Biz bu yolda ilerliyoruz. 21 milyon sınırı güvenliği kırıyor; bu kendi kendini yok edici. Şimdi Satoshi’nin bir hata yaptığını görmek gerekli.”
İşlem faydasını artırma ve ücretleri teşvik etme çalışmaları — Lightning Network ve Ordinals gibi — yalnızca kısa süreli gelir artışları sağladı, ardından önemli düşüşler yaşandı. Dolayısıyla, Bitcoin’in güvenliği, azalan blok ödüllerine aşırı bağımlı kalıyor ve bu da önemli bir risk oluşturuyor.
Diğer taraftan, bazı uzmanlar Drake’in sonuçlarına karşı çıkıyor. Category Labs’dan araştırmacı Kushal Babel, işlem ücretlerinin ağ güvenliği ile ilgili önemini doğru değerlendirmek için dolar değeri bazında ele alınması gerektiğini savunuyor.
“Ücretlerin BTC cinsinden en düşük seviyede olduğunu söylemek yanlış. Güvenlik için önemli olan, ücretlerin dolar cinsindendir — BTC/USD fiyatını dikkate almalıyız.

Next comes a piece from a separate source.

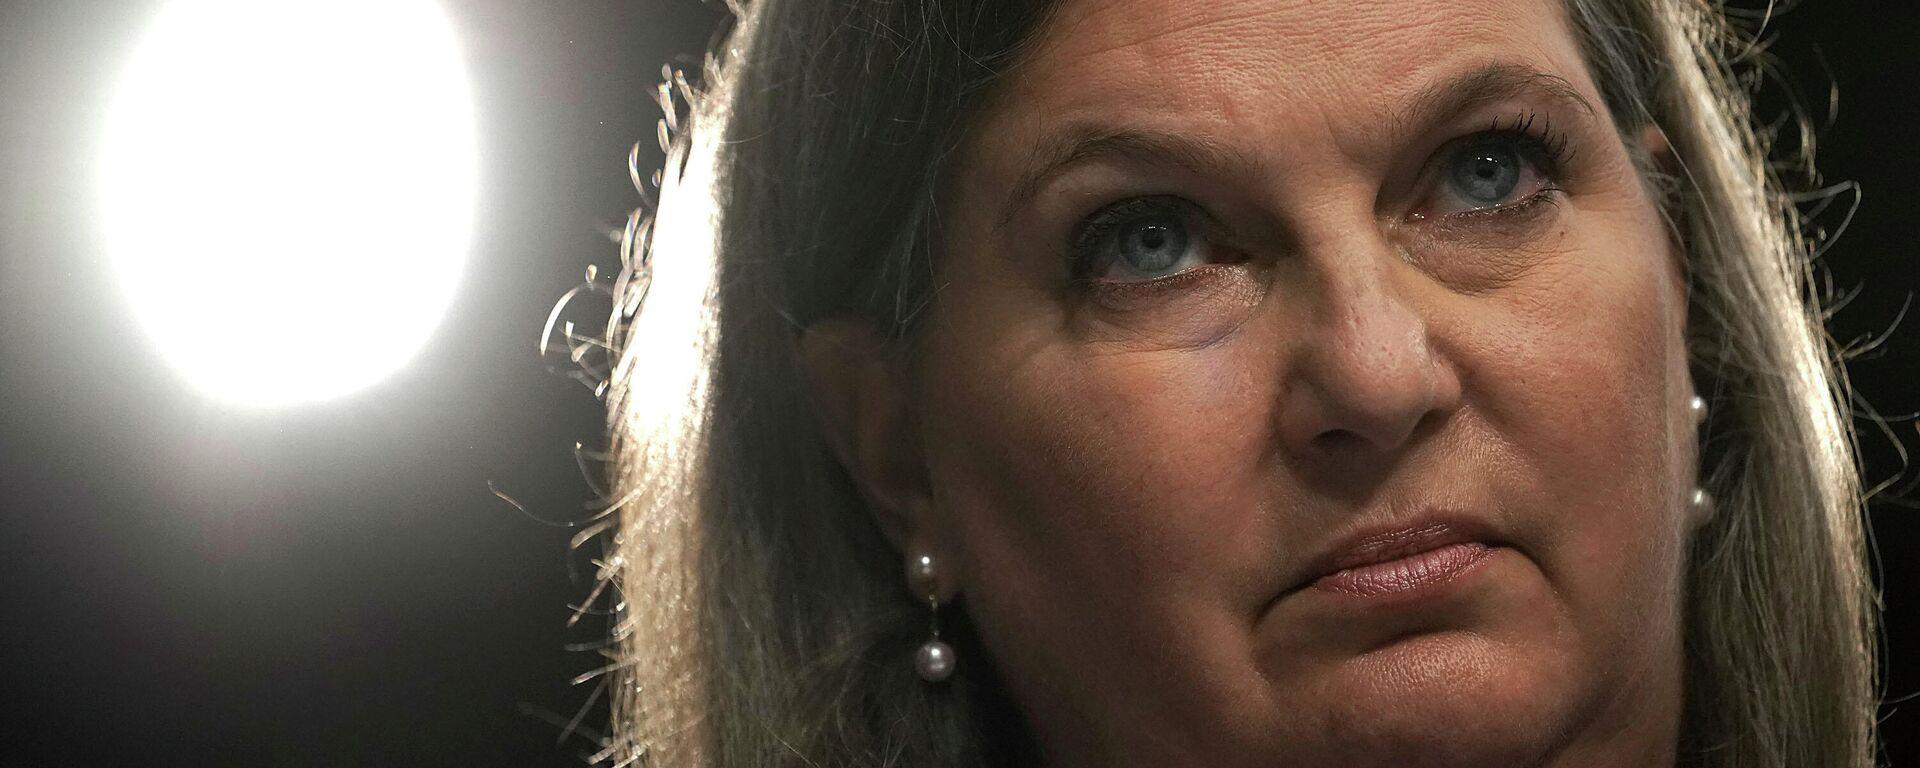 Die frühere stellvertretende Staatssekretärin für europäische und eurasische Angelegenheiten, Victoria Nuland, auf einer Anhörung vor dem Geheimdienstausschuss des Senats am 20. Juni 2018 auf dem Capitol Hill in Washington. - SNA, 1920, 13.01.2021

Bu durumu farklı bir şekilde anlatabilir,” diye açıkladı Babel.
Satoshi Bir Hata mı Yaptı?
Drake, yaklaşan bir güvenlik krizini önlemeyi amaçlayan iki kışkırtıcı çözüm öneriyor, ancak her iki öneri de Bitcoin tutkunları arasında tartışmalı bulunuyor.
İlk öneri, Bitcoin’in 21 milyon BTC sınırını kaldırarak sürekli blok ödülleri sağlamayı içeriyor; bu da Bitcoin’in nadir bulunma ilkesini köklü bir şekilde değiştiriyor. İkinci öneri, Ethereum’un son geçişine benzer şekilde, enerji verimliliği ve potansiyel olarak artırılmış güvenlik sunan Proof-of-Stake (PoS) modeline geçiş yapmaktır.

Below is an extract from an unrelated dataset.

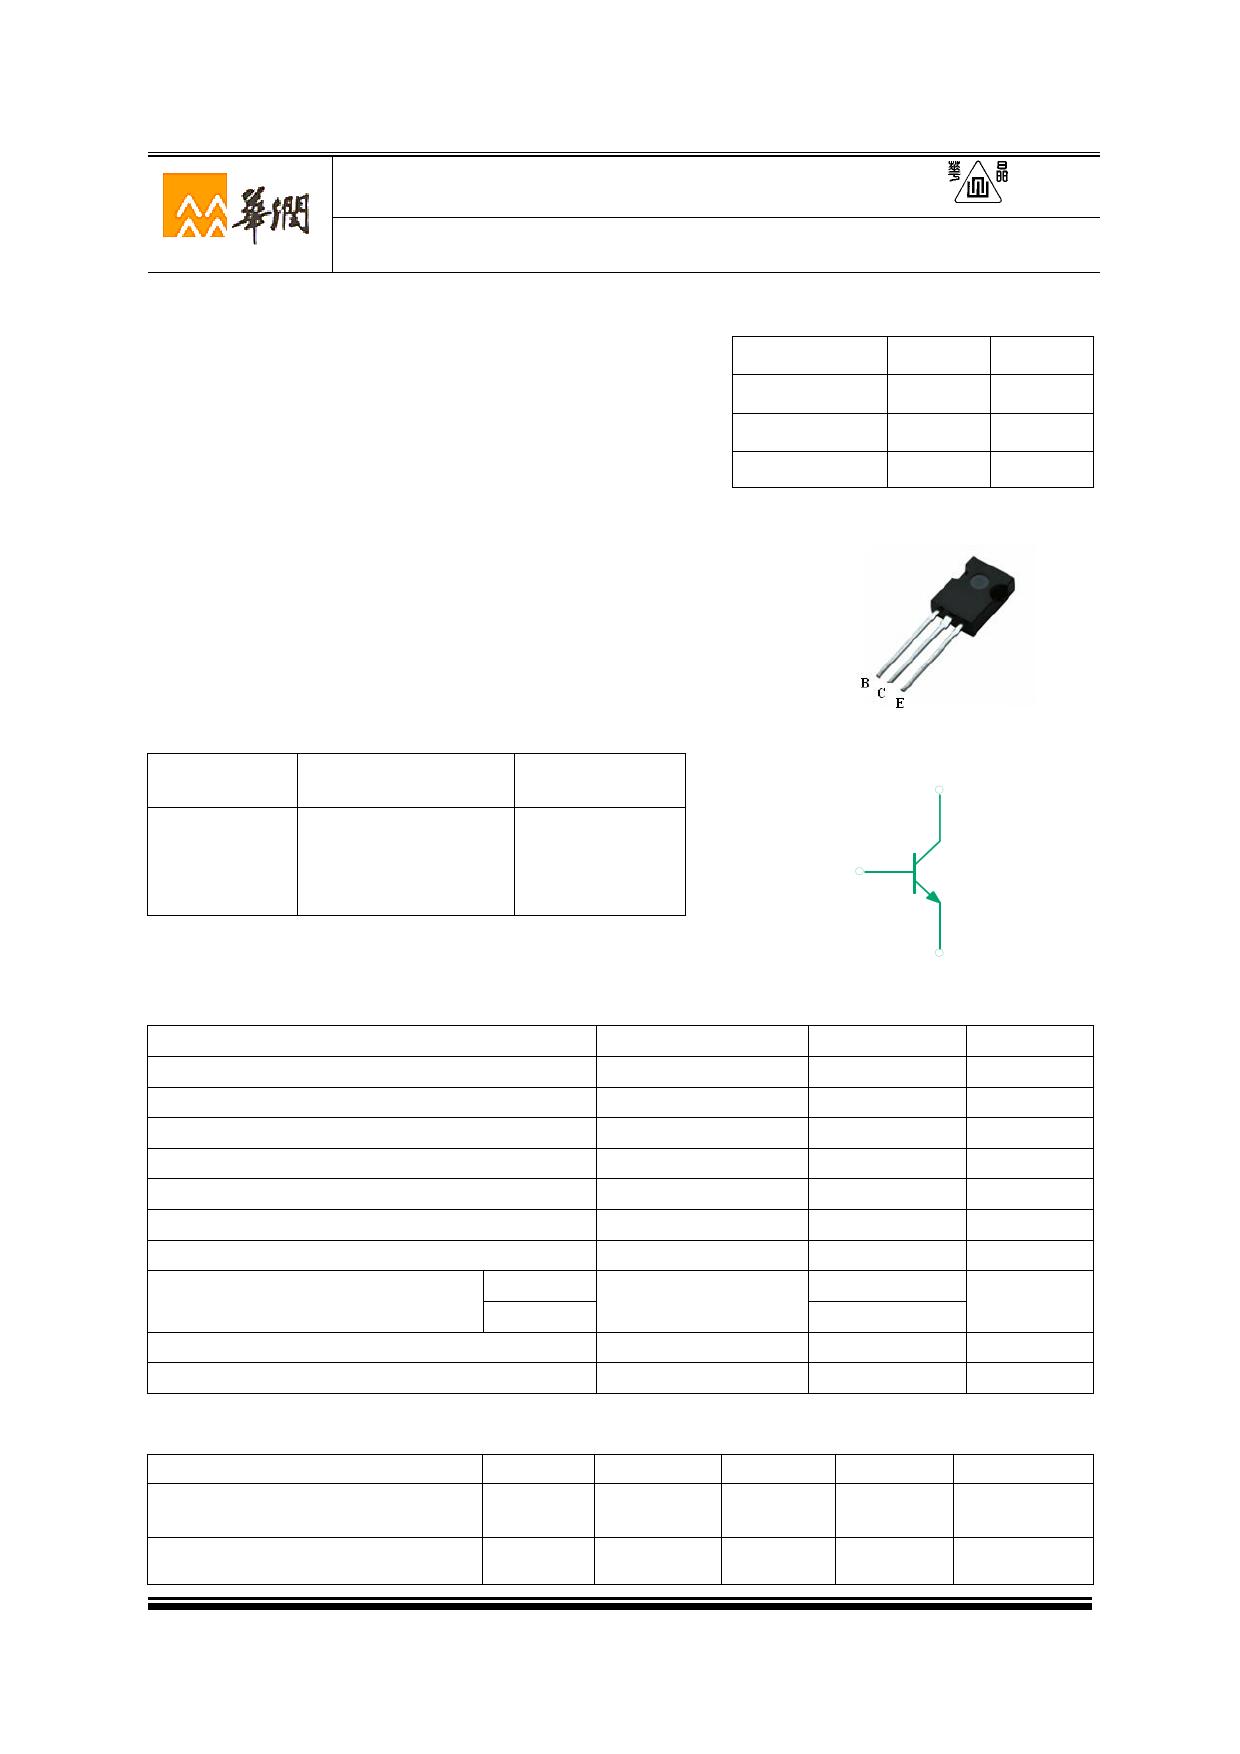 3DD3040A7 Datasheet, 3DD3040A7 PDF,ピン配置, 機能

Ancak bu öneriler, birçok Bitcoin topluluğu için kabul edilemez durumda, çünkü nadirlik ve merkeziyetsizlik konusundaki temel inançları sorguluyor.
Auditless’tan Strateji Analisti Lukasinho, Satoshi’nin bir hata yapmadığını savunuyor. Bitcoin’in amacından saptığını, yeterli işlem aktivitesine sahip olmadan değer saklama aracı haline geldiğini düşünüyor.

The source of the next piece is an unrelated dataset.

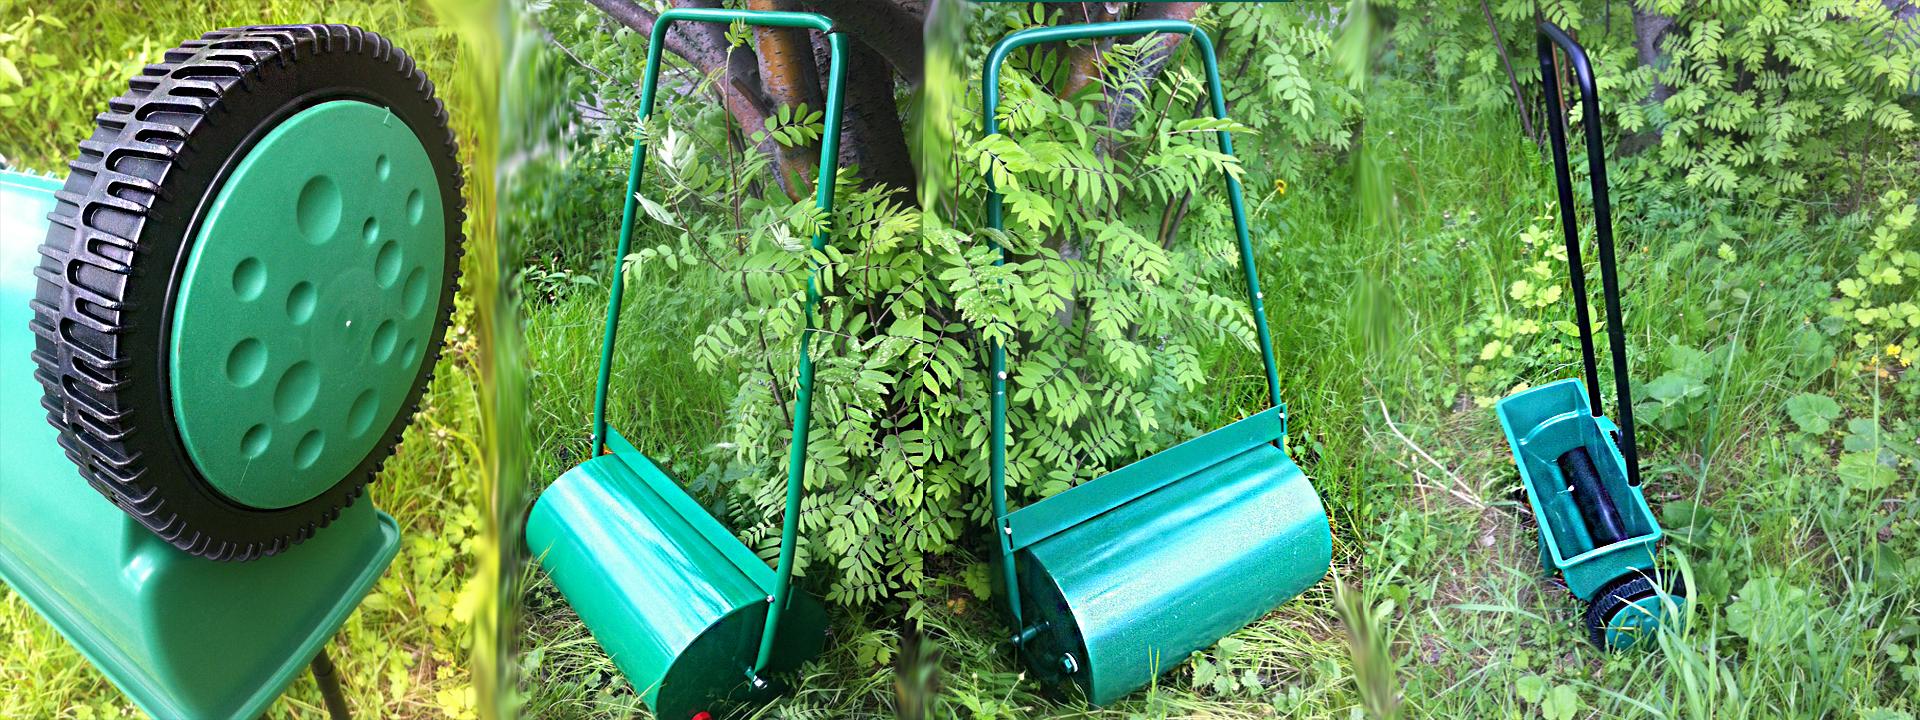 Каток для газона своими руками. Как сделать каток для газона своими 84

“Satoshi hata yapmadı; aksine, topluluk onun vizyonundan saptı. BTC, aktif bir şekilde kullanılan ve işlem ücretleri oluşturan dijital nakit olarak hizmet etmek üzere tasarlanmıştı — yalnızca cüzdanlarda duran spekülatif bir ‘evcil taş’ değildir,” diye belirtti Lukasinho.
Ayrıca, kuantum bilgisayar tehditleri gibi öngörülemeyen faktörler hakkında da ek düşünceler gündeme gelmektedir. %51 saldırısının olasılığı çok düşük gibi görünse de, uzmanlar giderek artan şekilde, kuantum yeteneklerinin Bitcoin’in kriptosunu tehdit edebileceğini, bu yüzden sağlam ve geleceğe dönük güvenlik önlemlerinin geliştirilmesi gerektiğini uyarıyorlar.
Sonuç
Kısacası, Bitcoin, güvenlik modelinin belirgin zayıflıklarla karşı karşıya olduğu kritik bir eşikte duruyor. İşlem ücretlerindeki düşüş, gerçek bir tehdit oluşturuyor ve PoW modelinin sürdürülebilirliği konusundaki soruları gündeme getiriyor. Topluluk, önerilen çözümleri değerlendirirken, uzun vadeli etkilerini dikkatlice gözden geçirmesi gerekiyor. Zamanında ve düşünceli bir eylem olmaksızın, Bitcoin, geleceğini şekillendirebilecek zorluklarla yüzleşebilir.